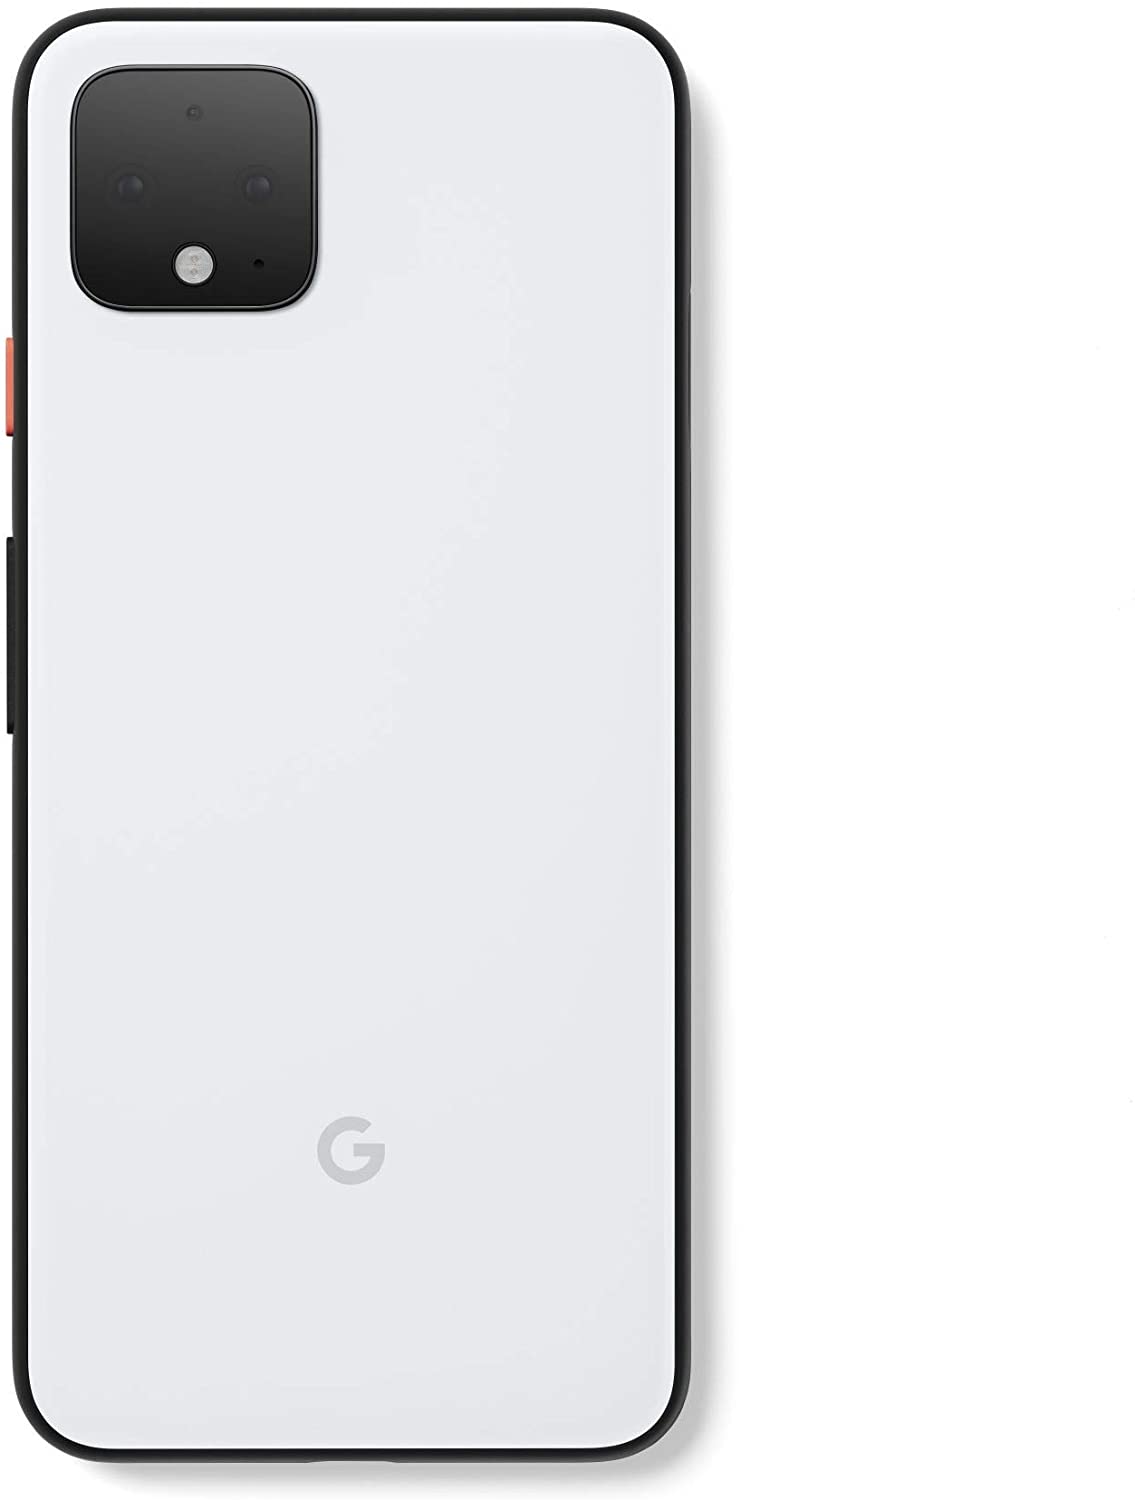 Google Pixel 4 XL  Clearly White(白)  64G
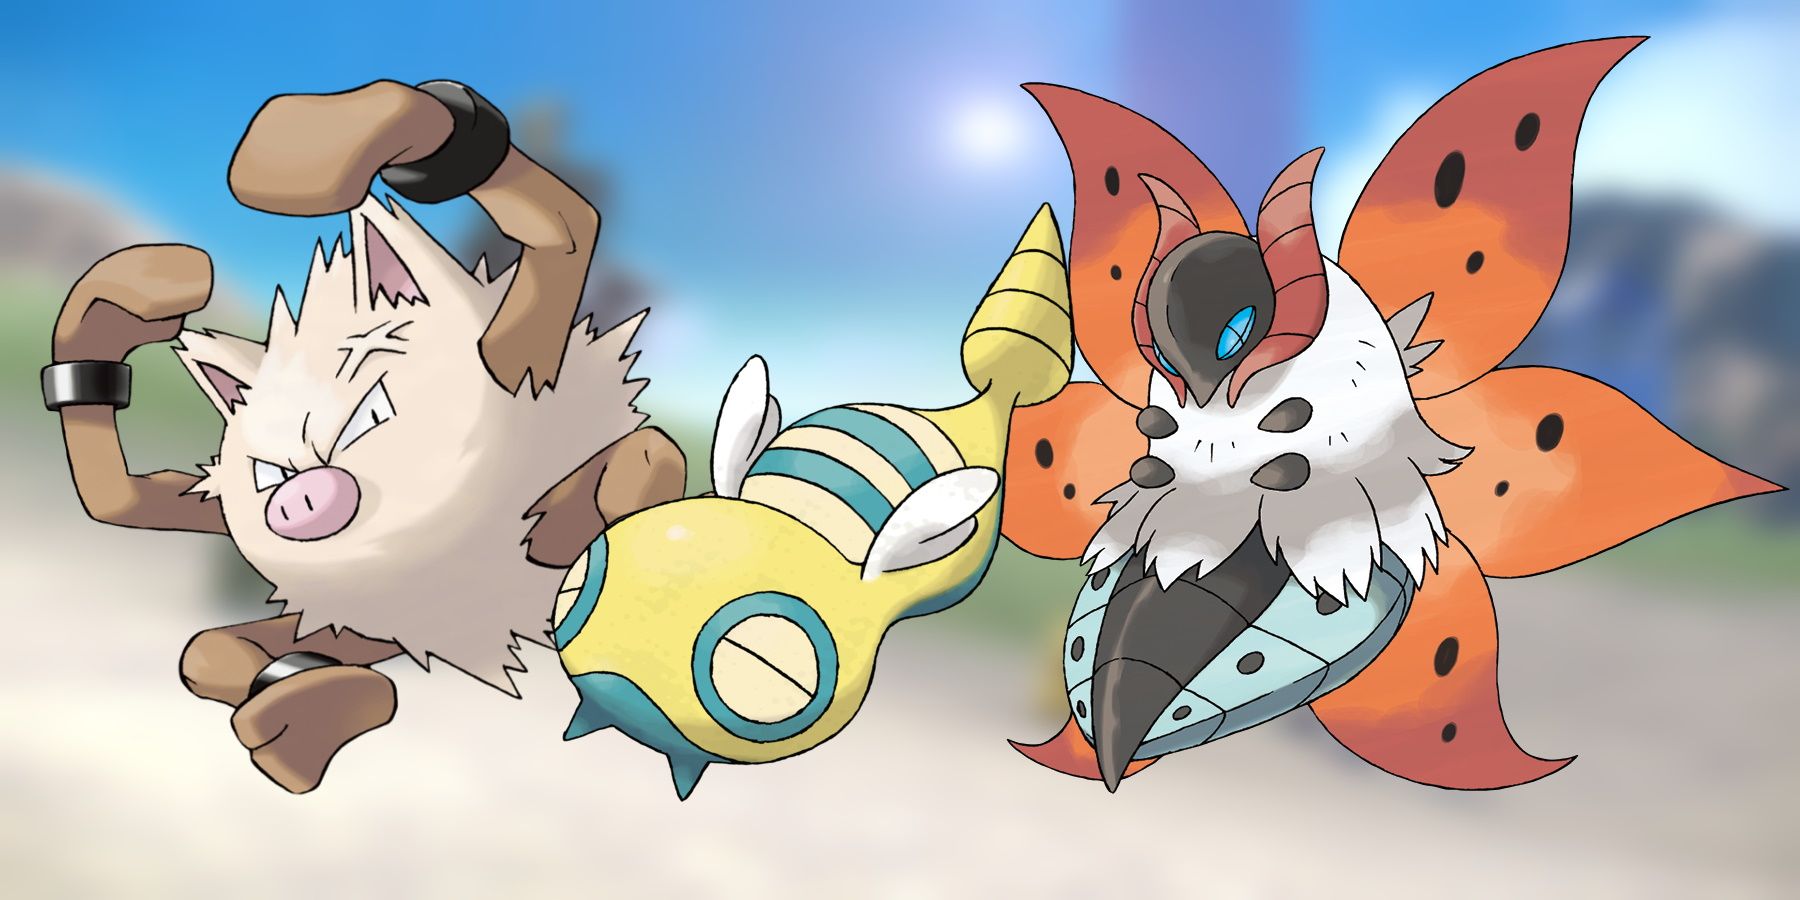 Pokémon Scarlet and Violet leaks spoil new evolutions, forms, and story -  Polygon
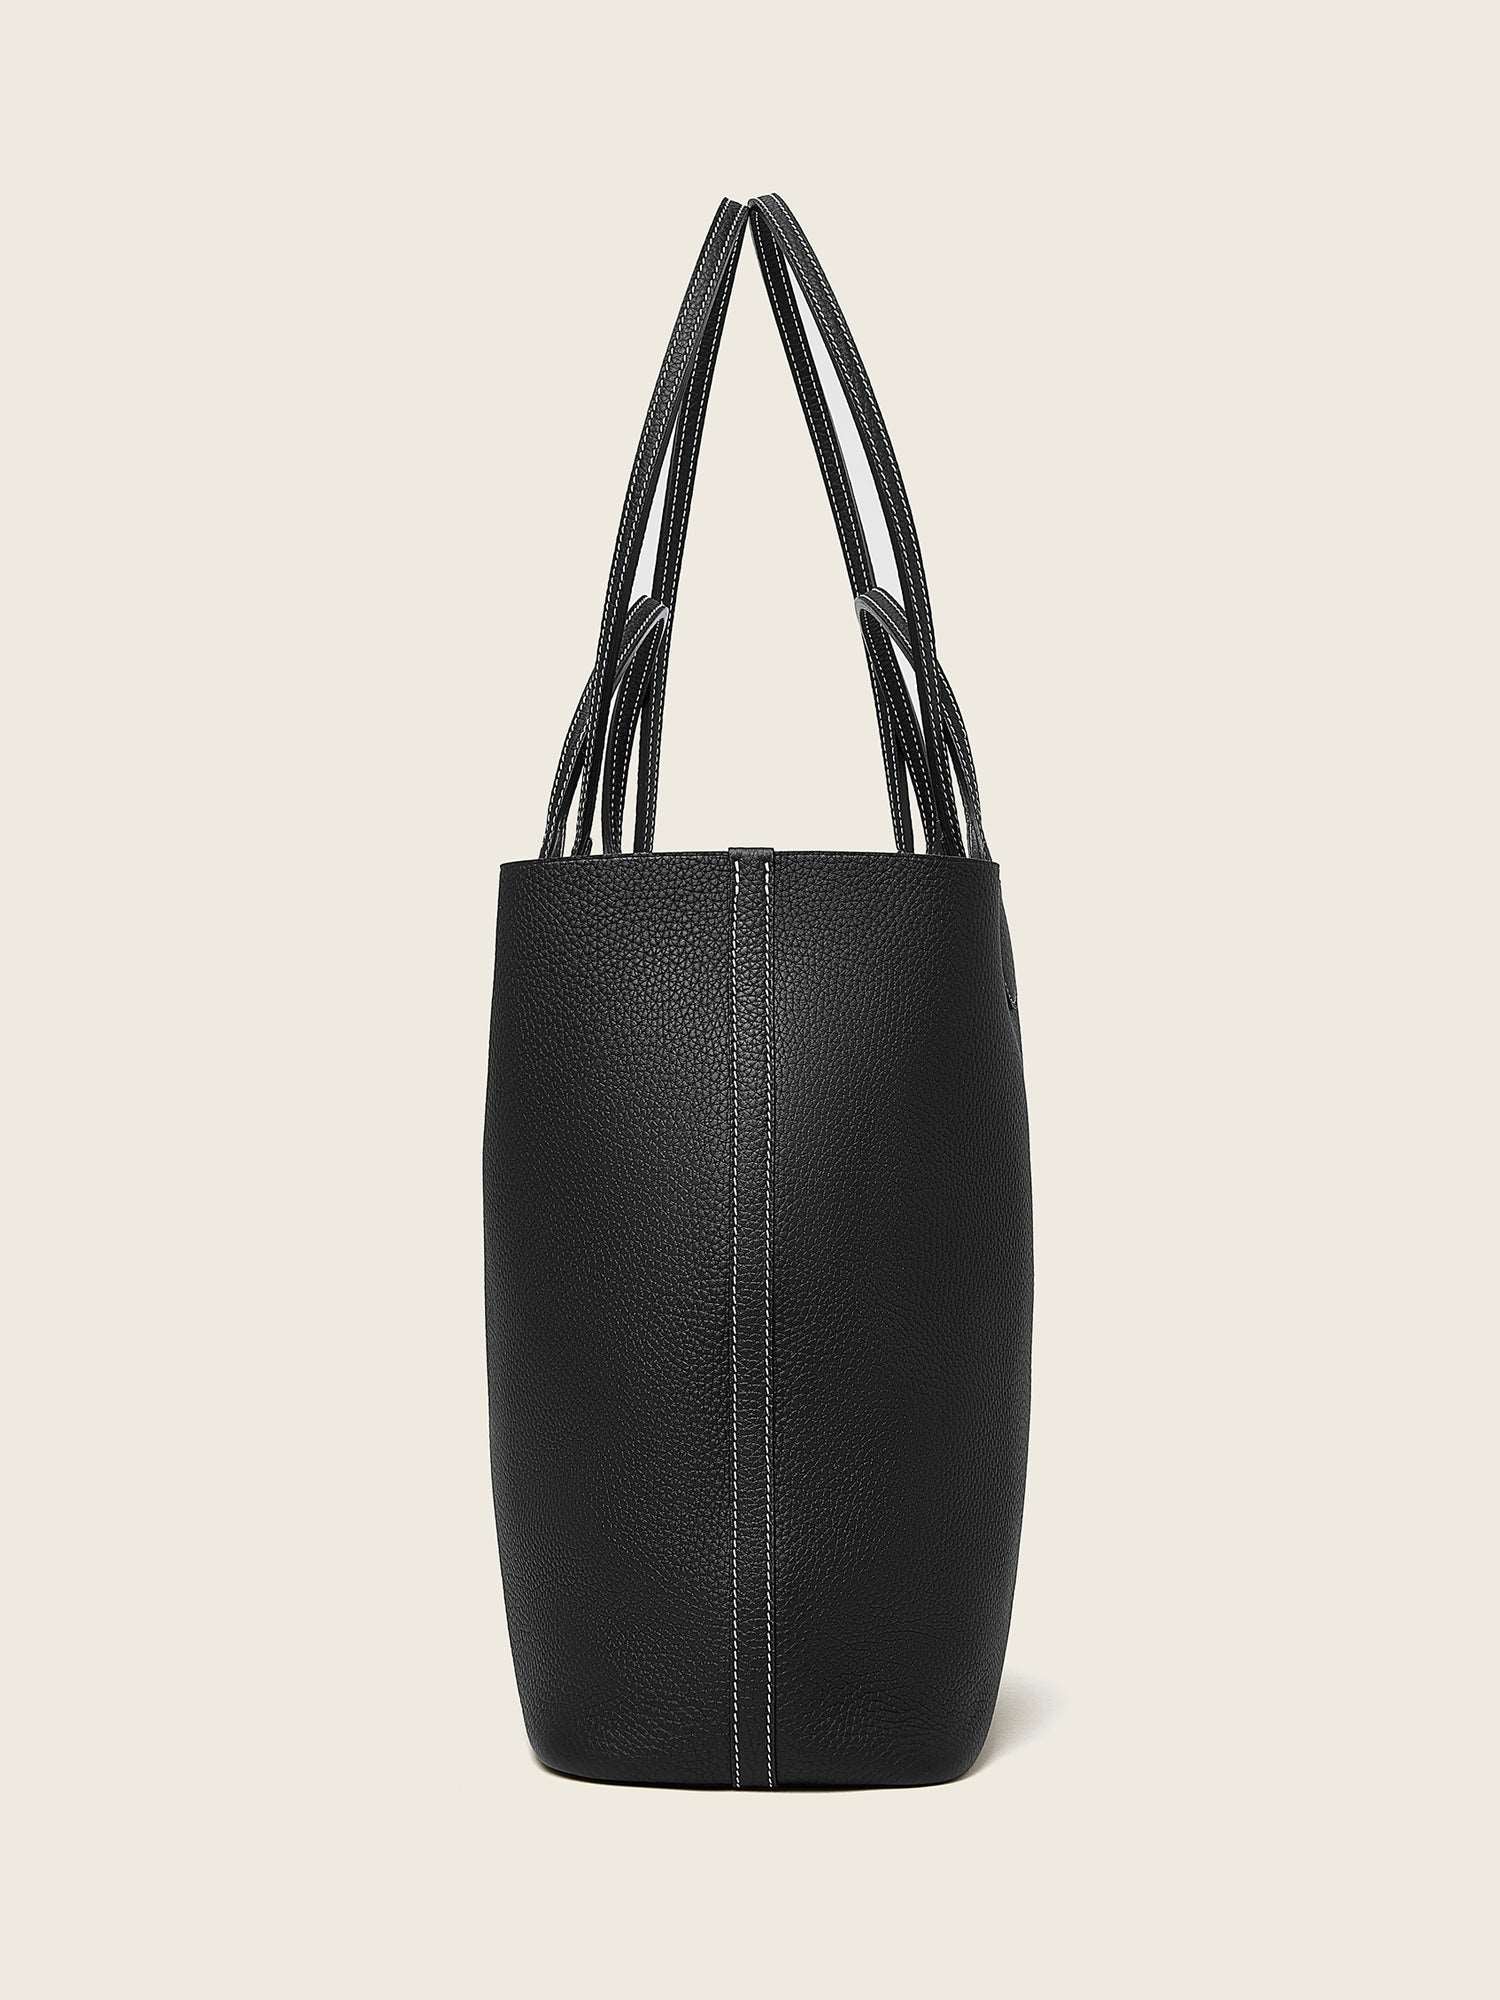 Hpai Large Yesod Tote Bag in Leather - Black
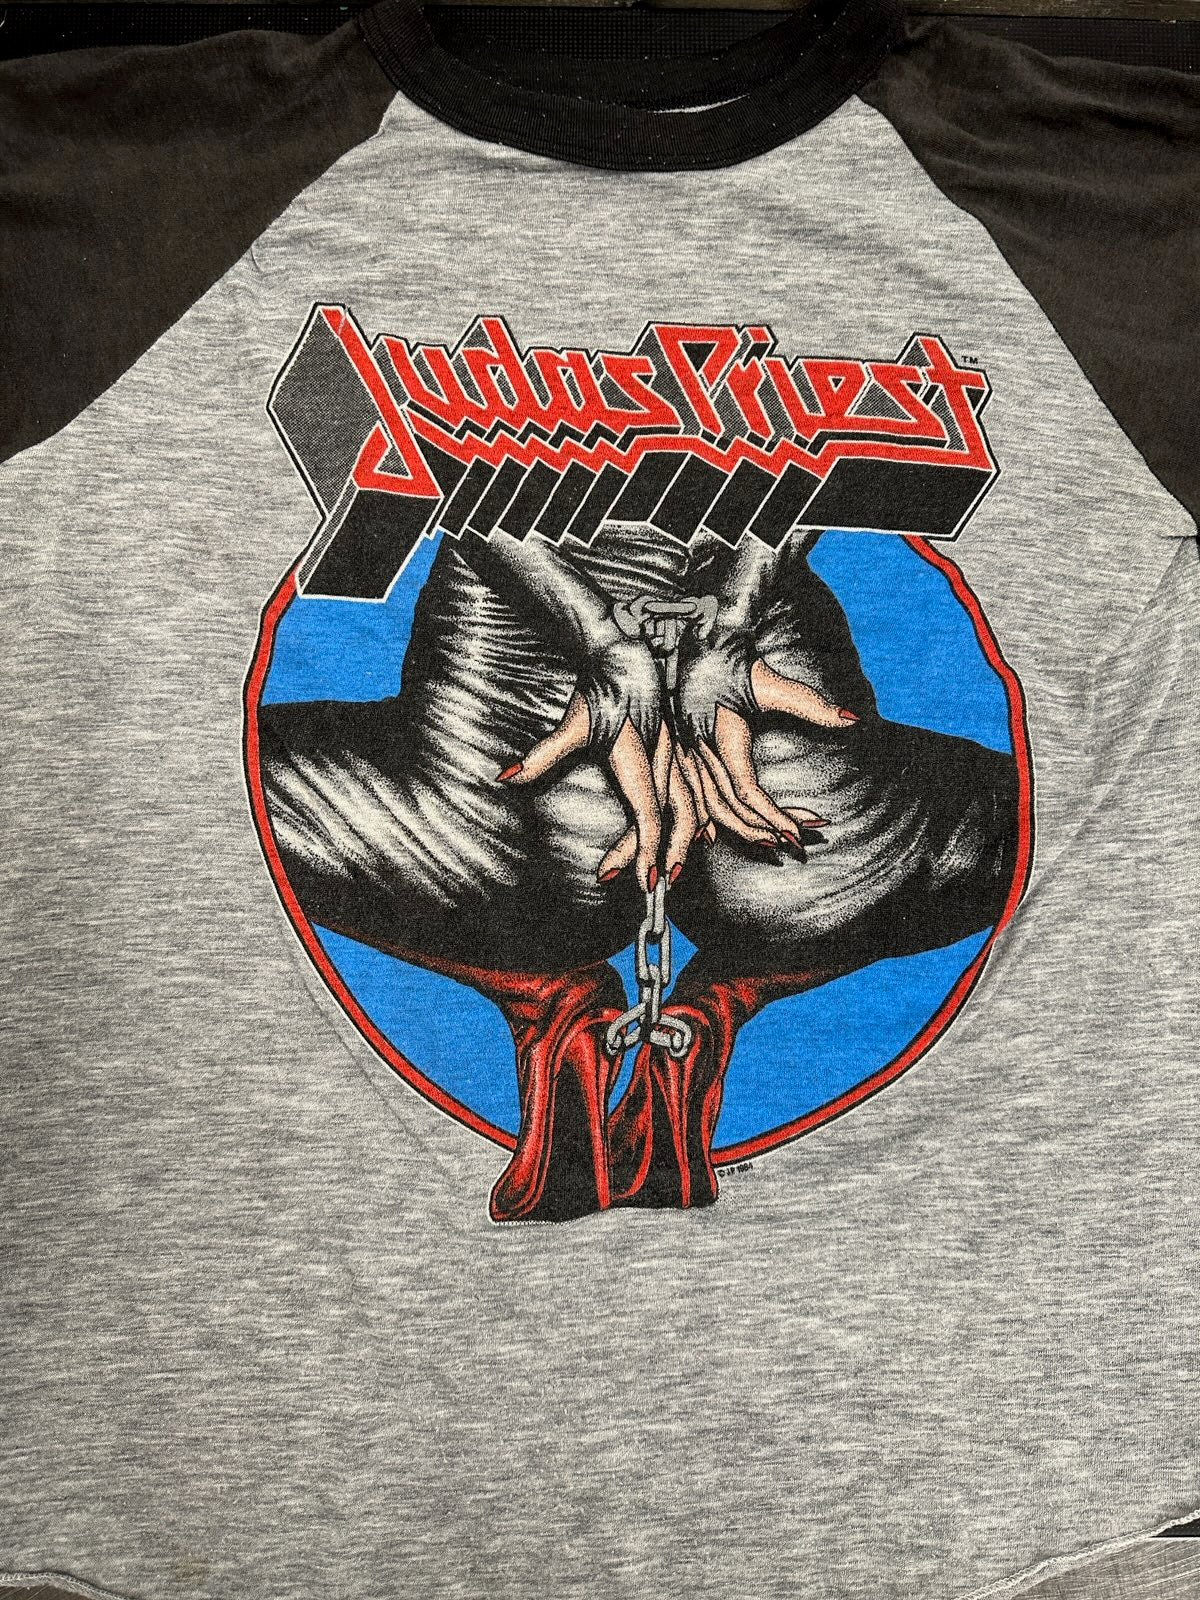 Judas Priest 1984 Defenders Of The Faith Tour Raglan/Baseball T-Shirt, Grey w/Blk Arms, Tagged L (25.5" Long, 19" Pit To Pit)

════════

**Task brief:** Copy out the data above exactly, except the pictures.

**Response to the task:**
 Google Pixel 4 XL  Clearly White(白)  64G
 Pokémon Scarlet and Violet leaks spoil new evolutions, forms, and story -  Polygon
 Hpai Large Yesod Tote Bag in Leather - Black
 Judas Priest 1984 Defenders Of The Faith Tour Raglan/Baseball T-Shirt, Grey w/Blk Arms, Tagged L (25.5" Long, 19" Pit To Pit)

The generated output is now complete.